Suzune hanya menggeleng kecil sambil tertawa saja. "Ah, tidak. Aku hanya menduga-duga mengapa kau ada di sini. Kupikir kau mungkin saja membolos dengan alasan sakit seperti di tempat praktikku sebelumnya, namun wajahmu terlihat jujur. Meski tak akan ada yang tahu jika ituadalah acting yang menunjukkan sisi gelapmu."
"Sisi gelap?" pertanyaan yang sebenarnya merupaakan beoan dari kata-kata terakhir sang dokter muda terlontar tanpa bisa dicegah oleh Neji. Mau tak mau dia membuat opsi-opsi tak logis yang dikaitkannya dengan kata-kata Iruka-sensei di dalam kelas. Namun sekali lagi, dia hanya menepis pikirannya sendiri dan menggerutu dalam hati. 'Betapa paranoidnya aku! Gara-gara mimpi sialan itu, aku jadi berfikir yang macam-macam!'
Suzune memalingkan wajahnya dan menata beberapa obat yang ada di mejanya. "Begitulah, terkadang seseorang menekan sisi gelapnya dan memerangkapnya dalam sudut hati. Tak akan pernah ada seseorang yang tahu bahwa dibalik wajah polos seseorang, mungkin saja tersimpan pikiran busuk dan segala sumpah serapah yang mengerikan. Atau bahkan lebih buruk lagi. Hasrat ingin menghancurkan."
Neji merasakan tubuhnya merinding sekaligus bersemangat mendengar kata-kata dokter itu. Dia menelan ludah terpaksa saat melihat wanita itu tersenyum misterius, seakan dia mengetahui suatu rahasia besar yang tak diketahui oleh orang lain.
"Dan jika kau tak melepaskan hasrat itu maka kau akan menjadi gila dan akhirnya mati," wanita itu masih tetap berbicara. "Masalah utama yang harus kita hadapi adalah masyarakat kita yang tak membiarkan adanya sarana untuk melepaskan emosi gelap itu dan memaksa kita untuk tetap menggunakan topeng manusia suci untuk memberikan kesan bahwa kita adalah orang baik-baik. Namun tanpa mereka sadari, merekalah yang telah membunuh kita perlahan-lahan dan menyiksa kita dari dalam."
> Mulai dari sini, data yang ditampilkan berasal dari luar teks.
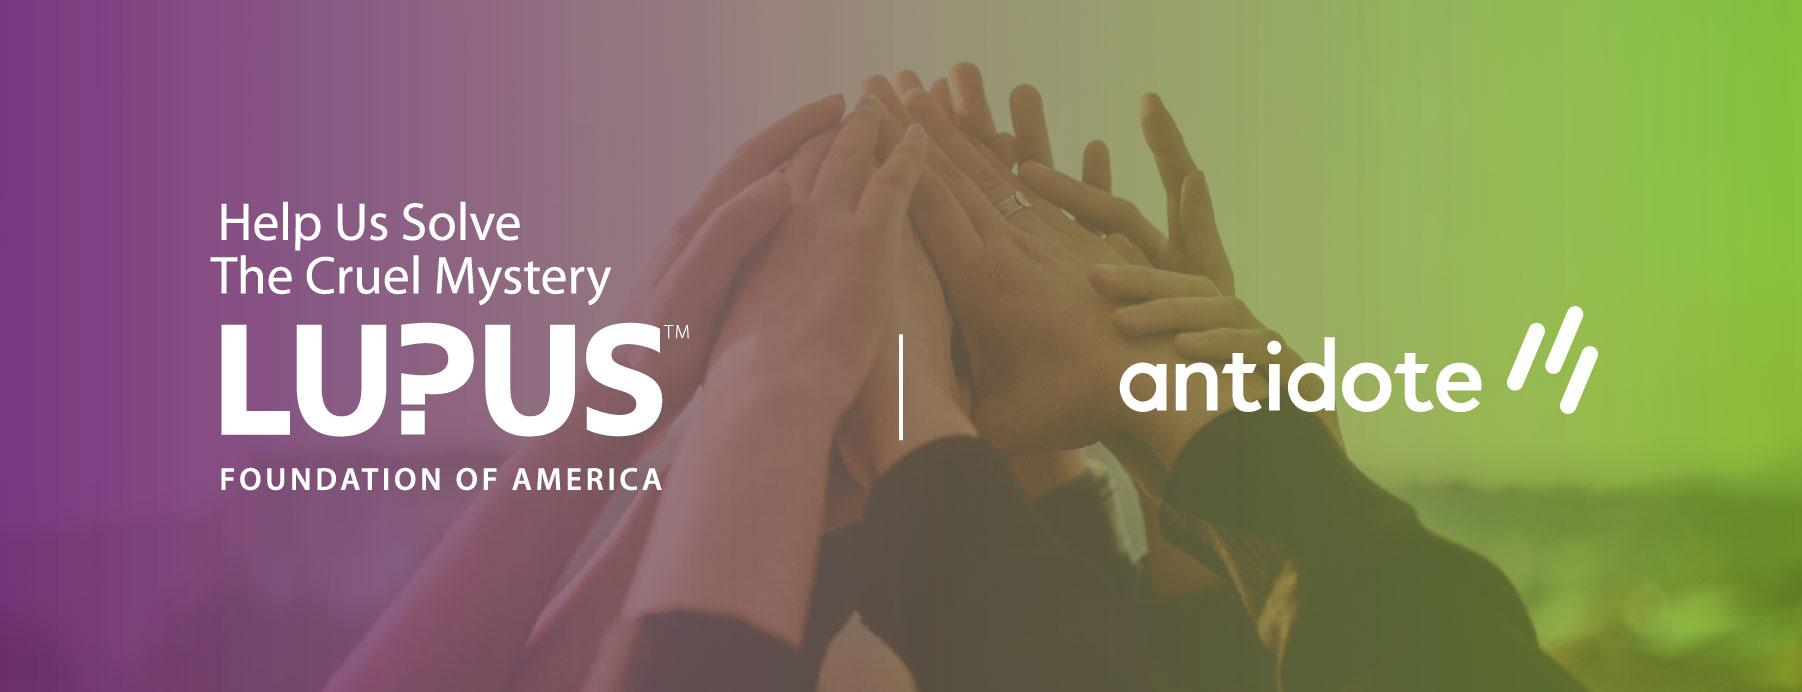 Lupus-Foundation-of-America-Partnership.jpg

Neji menatap nanar wanita itu, Suzune seolah sedang membicarakan dirinya sebagai objek bukan manusia secara umum. Dokter cantik berusia dua puluhan itu seakan dapat membaca pikiranya dan menilik hatinya. Apapun yang dikatakannya sesuai dengan apa yang dipikirkan Neji mengenai dirinya sendiri.
"Mengapa anda mengatakannya pada saya, sensei?" tanya Neji dengan hati-hati, tak ingin memberi kesan buruk dirinya pada sang dokter.
Suzune hanya tertawa mendengarnya. "Kau benar. Mengapa aku mengatakannya padamu ya? Mungkin karena kau terlihat jauh lebih pandai dan dewasa dibanding anak lain yang seusiamu." Wanita itu menoleh pada Neji dan tersenyum lembut. "Kebanyakan remaja biasanya masih naif dan menganggap aku hanya membual, namun kau berbeda. Aku merasa kau akan mengerti kata-kataku."
Neji hanya diam tak menjawab.
"Ah, kau kan masih sakit, ya? Kalau begitu kau harus cepat pulang dan beristirahat," wanita itu kembali berbicara sambil membuka pintu ruang kesehatan mempersilahkan Neji pergi. "Maaf aku telah membuatmu tinggal lama di sini karena mendengarkan ceritaku yang membosankan."
Neji menggeleng cepat. "Tidak apa-apa, sensei. Saya permisi," dia pamit sambil menutup pintu ruang kesehatan itu.
Sayang, dia tak sempat melihat sebuah senyum mengerikan yang tercetak di wajah sang dokter muda nan cantik itu, senyum yang muncul bersamaan dengan bisikan lirih parau yang ditujukan untuk dirinya sendiri.
"Misi telah selesai. Neji Hyuuga, kau memang seorang anak yang cerdas. Namun kau harus menerima kenyataan jika dirimu tak sadar jika saat ini kau tengah didoktrinasi olehku. Fufufu…"
…*…
Sekolah masih dapat dikatakan cukup ramai saat Neji keluar dari gedung sekolah dengan gaya arsitektur yang terlalu kaku dan membosankan itu. Dia memasang senyum ramah tatkala ada orang yang menyapa atau menanyakan kondisinya karena dia telah menghabiskan waktu seharian di ruang kesehatan dan tak kembali mengikuti pelajaran.
Mengesalkan. Neji tahu bahwa di balik pertanyaan-pertanyaan sopan mereka, anak-anak itu menjelek-jelekkannya di belakang dan mengatakan jika dia sebenarnya membolos. Namun meskipun dia muak pada sikap sok peduli mereka, pemuda bersurai coklat itu tetap bersabar dan tersenyum mengatakan jika dia hanya sedikit kelelahan dan badannya sudah jauh lebih baik sekarang.
Neji menyesapi tiap-tiap kata yang diucapkan leh Suzune, sang dokter muda aneh penggemar psikologi tadi. Ternyata setiap orang memang menggunakan topeng. Baik dirinya ataupun orang-orang yang menyapanya itu hanya sekedar berbasa-basi dan memasang wajah anak baik baik sebagai upaya agar imagenya tak jatuh ataupun hancur. Menggelikan.
Kini dia sadar. Dia hidup di dunia yang dipenuhi kebohongan. Dunia gelap yang terus-menerus ditutupi dengan cahaya putih yang hanya setengah hati bersinar.
Menjijikkan!
Begitu melewati gerbang, matanya tak sengaja menangkap sosok gadis yang mengenakan pakaian bebas bernada casual berdiri di dekatnya bersama dengan adik kelasnya yang memiliki alis setebal dosa. Bukannya gadis itu sangat cantik atau apa, hanya saja Neji merasa sedikit familier dengannya.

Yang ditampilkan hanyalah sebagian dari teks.